I am testing using an iPad Air, iPhone 6 Plus and iPhone 4s
I am using the following three notification observers:
NSNotificationCenter.defaultCenter().addObserver(self, selector: "persistentStoreDidChange", name: NSPersistentStoreCoordinatorStoresDidChangeNotification, object: nil)
NSNotificationCenter.defaultCenter().addObserver(self, selector: "persistentStoreWillChange:", name: NSPersistentStoreCoordinatorStoresWillChangeNotification, object: managedContext.persistentStoreCoordinator)
NSNotificationCenter.defaultCenter().addObserver(self, selector: "receiveiCloudChanges:", name: NSPersistentStoreDidImportUbiquitousContentChangesNotification, object: managedContext.persistentStoreCoordinator)
and here is the function for the third one:
func receiveiCloudChanges(notification: NSNotification)
{
println("iCloud changes have occured")
dispatch_async(dispatch_get_main_queue())
{
self.activityIndicator.startAnimating()
self.updateLabel.text = "iCloud changes have occured"
self.managedContext.performBlockAndWait
{ () -> Void in
self.managedContext.mergeChangesFromContextDidSaveNotification(notification)
}
self.reloadTextViewAndTableView()
self.activityIndicator.stopAnimating()
}
}
I am not attempting to update the UI until the managedContext is finished with the merge, and I am performing everything on the main thread.

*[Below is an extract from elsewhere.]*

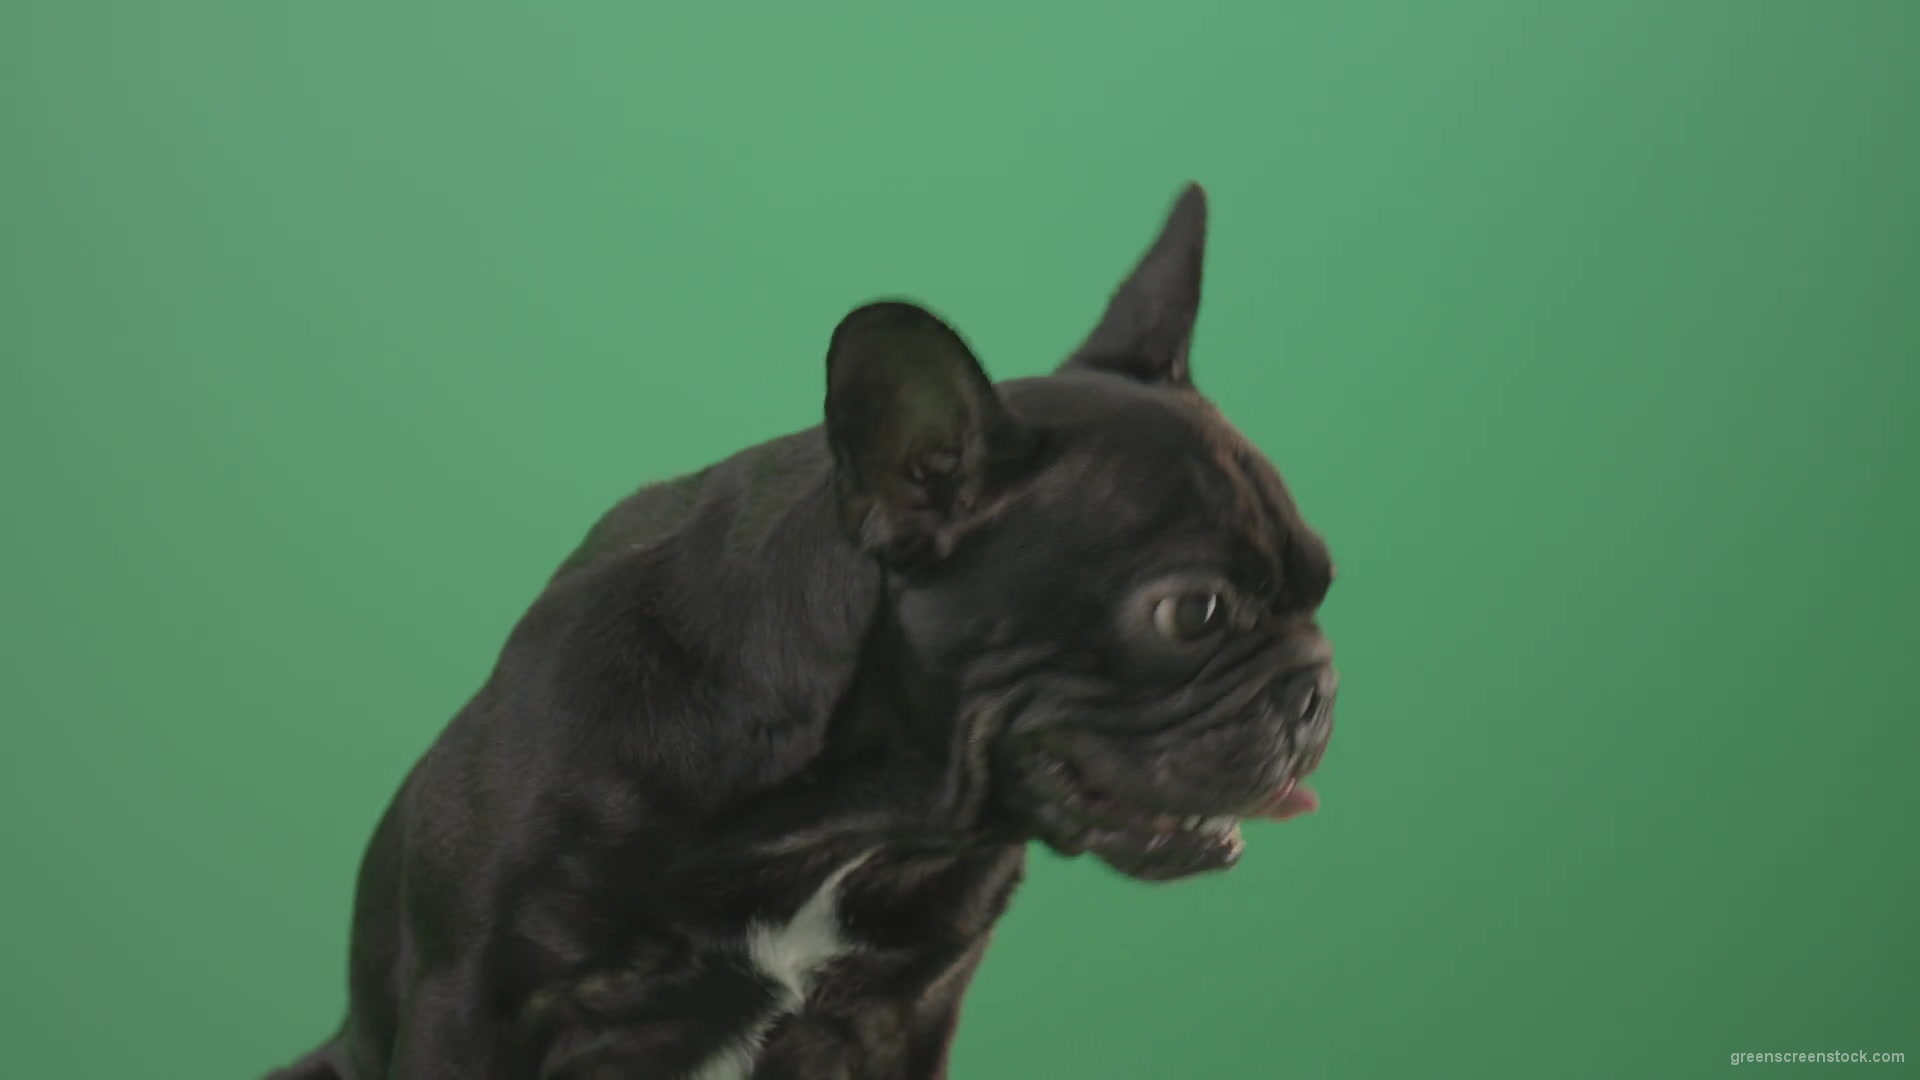 Face-portrait-of-scared-french-bulldog-toy-dog-isolated-on-green-screen-1920_004 Green Screen Stock

I am really at a loss why the changes on one device are only displayed on the second or third one about 90-95% of the time.
As part of my trial and error, when I went to delete the app from my test devices and reinstall there is sometimes a message that an iCloud operation is pending, but it doesn't matter how long I wait, once the devices are out of sync they stay that way. Even when they are out of sync if I add another number or two those will still propagate to the other devices, but then I will invariably lose more data. It seems to work about 90% of the time.
I use the following to update the UI:
func reloadTextViewAndTableView()
{
let allPeopleFetch = NSFetchRequest(entityName: "Person")
var error : NSError?
let result = managedContext.executeFetchRequest(allPeopleFetch, error: &error) as! [Person]?
//Now reload the textView by grabbing every person in the DB and appending it to the textView
textView.text = ""
allPeople = managedContext.executeFetchRequest(allPeopleFetch, error: &error) as! [Person]
for dude in allPeople
{
textView.text = textView.text.stringByAppendingString(dude.name)
}
tableView.reloadData()
println("allPeople.count = \(allPeople.count)")
}
I am really at a stand still here. I am just not sure why it "usually" works...
So I am still not sure how or why CoreData is sometimes getting out of sync as described above. I have found though that if I enter one new number after another very rapidly is when it usually occurs.
As a workaround I have added a button to the UI that allows the user to force a resync with iCloud by rebuilding the NSPersistentStore using the following option.
NSPersistentStoreRebuildFromUbiquitousContentOption: true
I would much rather the store stayed in sync with all other devices all the time, but at least this way the user will never lose data. If they notice that they are missing a record they know they entered on another device, then all they have to do is hit the resync button.